MLE for normal sample with known mean What is the Maximum Likelihood Estimator of the variance of a sample $X_1\dots X_n$ of i.i.d variables with normal distribution $X_i\sim \mathcal{N}(\mu_0,\sigma^2)$ when the mean $\mu_0$ is known? Show that this estimator is unbiased.
I've worked out the general case $X_i\sim \mathcal{N}(\mu,\sigma^2)$ with unknown mean $\mu$, using the Likelihood function. In that case, the Maximum Likelihood estimator of the variance turns out to be biased. I'm stuck as in how to use the known value of the mean to convert the estimator into an unbiased one.

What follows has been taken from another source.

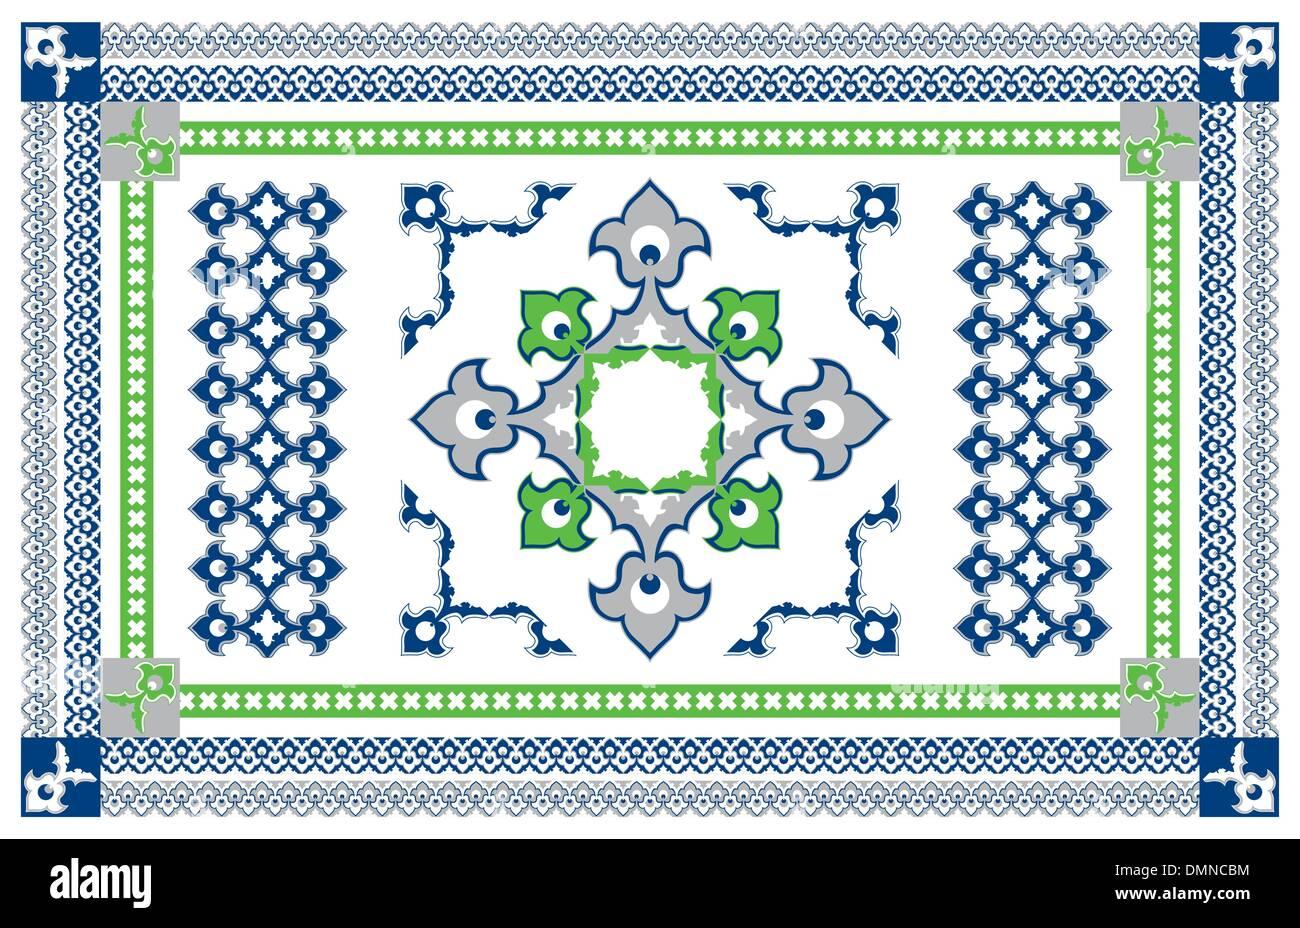 Arabic Style Carpet Design - Stock Vector

 A: The log-likelihood of a Gaussian sample $X_1 \dots X_n$ with $X_i\sim \mathcal{N}(\mu_0,\sigma^2)$ is
\begin{equation}
L = -\frac{n}{2} \ln(2\pi) - \frac{n}{2} \ln\sigma^2 - \frac{1}{2\sigma^2} \sum_{i=1}^n \left(X_i - \mu_0\right)^2 \, ,
\end{equation}
where $\sigma^2$ is the parameter to estimate.

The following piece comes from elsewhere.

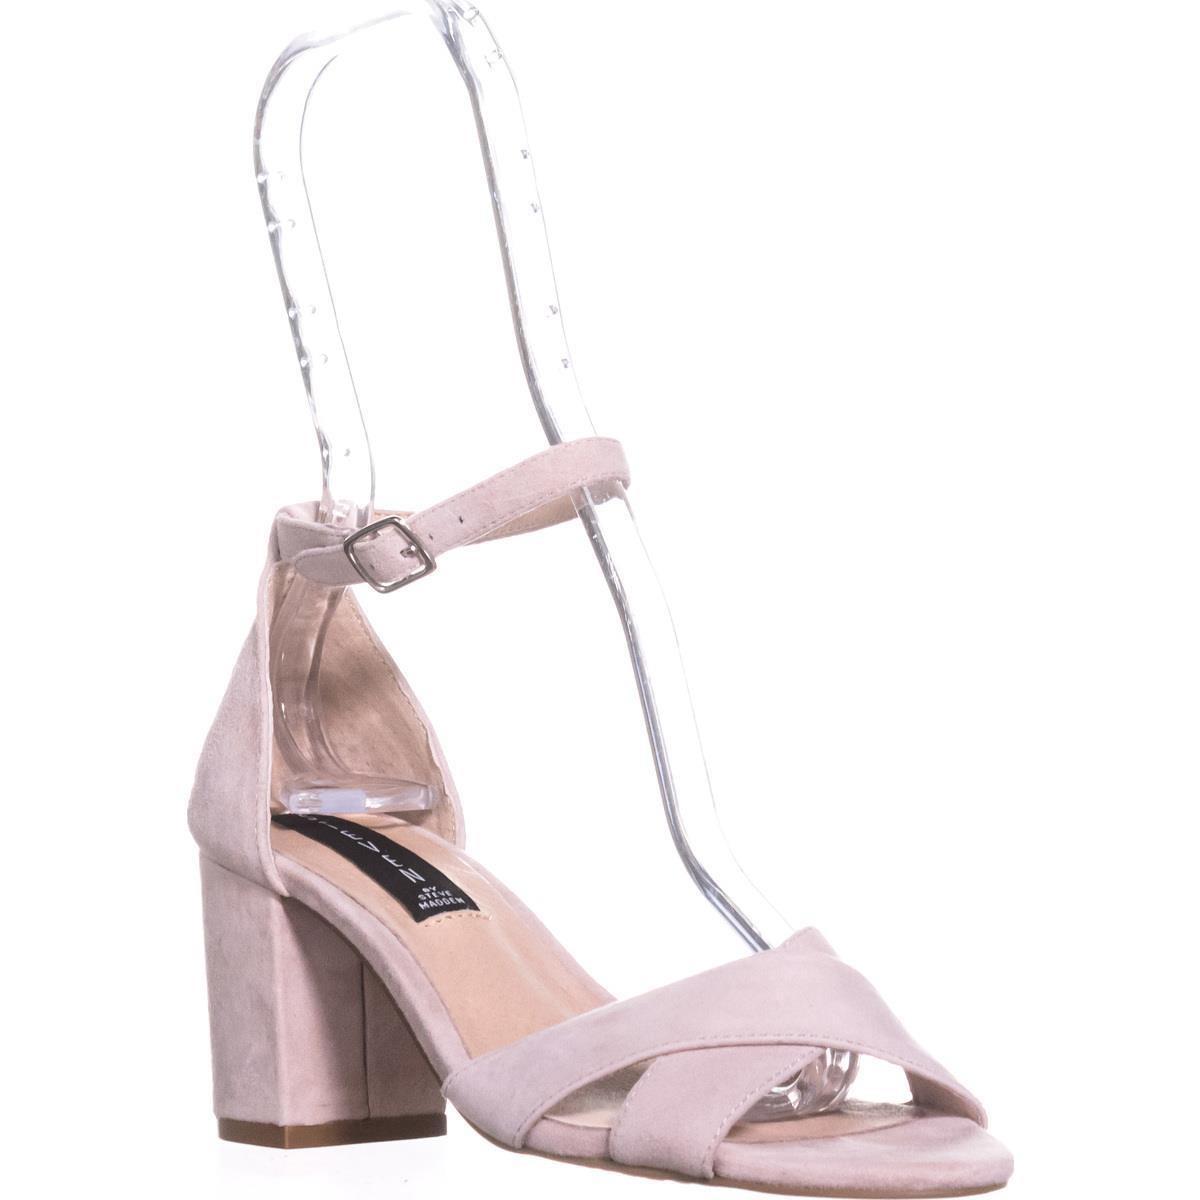 fdbfdbe0d62 Lyst - Steve Madden Steven Voomme Dress Sandals in Pink

The derivative of the log-likelihood with respect to $\sigma^2$ vanishes at $\sigma^2 = \hat{\sigma}^2_n$, with
\begin{equation}
\hat{\sigma}^2_n = \frac{1}{n} \sum_{i=1}^n \left(X_i - \mu_0\right)^2 \, .
\end{equation}
One shows that $\sigma^2 = \hat{\sigma}^2_n$ corresponds to a maximum of the log-likelihood. Therefore, $\hat{\sigma}^2_n$ defines the maximum likelihood estimator. Now, we compute the expected value of the estimator
\begin{equation}
E(\hat{\sigma}^2_n) = \frac{1}{n} \sum_{i=1}^n E\left(\left(X_i - \mu_0\right)^2\right) .
\end{equation}
Since $\mu_0 = E(X_i)$, one has $E\left(\left(X_i - \mu_0\right)^2\right) = \sigma^2$ for all $i$. Finally, $E(\hat{\sigma}^2_n) = \sigma^2$. The estimator is unbiased.

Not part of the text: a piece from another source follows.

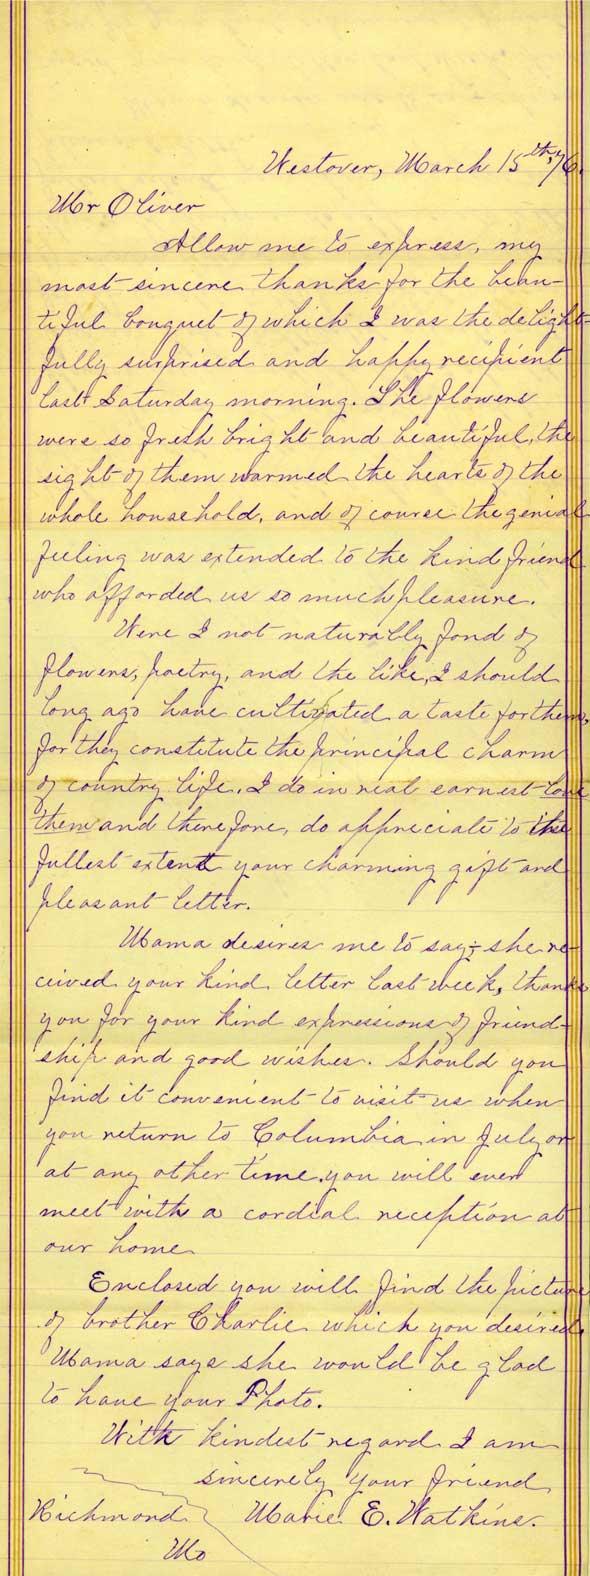 Letter from Marie Watkins to Robert Burett Oliver.

For comparison, in the case where the mean is unknown, the log-likelihood
\begin{equation}
L = -\frac{n}{2} \ln(2\pi) - \frac{n}{2} \ln\sigma^2 - \frac{1}{2\sigma^2} \sum_{i=1}^n \left(X_i - \mu\right)^2
\end{equation}
is maximized with respect to the parameter $(\mu,\sigma^2)$. The maximum likelihood estimator is
\begin{aligned}
&\tilde{\mu}_n = \overline{X}_n = \frac{1}{n} \sum_{i=1}^n X_i\, ,\\
&\tilde{\sigma}^2_n = \frac{1}{n} \sum_{i=1}^n \left(X_i - \overline{X}_n\right)^2\, ,
\end{aligned}
where the variance estimator $\tilde{\sigma}^2_n$ is biased: $E(\tilde{\sigma}^2_n) = \frac{n-1}{n}\sigma^2 \neq \sigma^2$.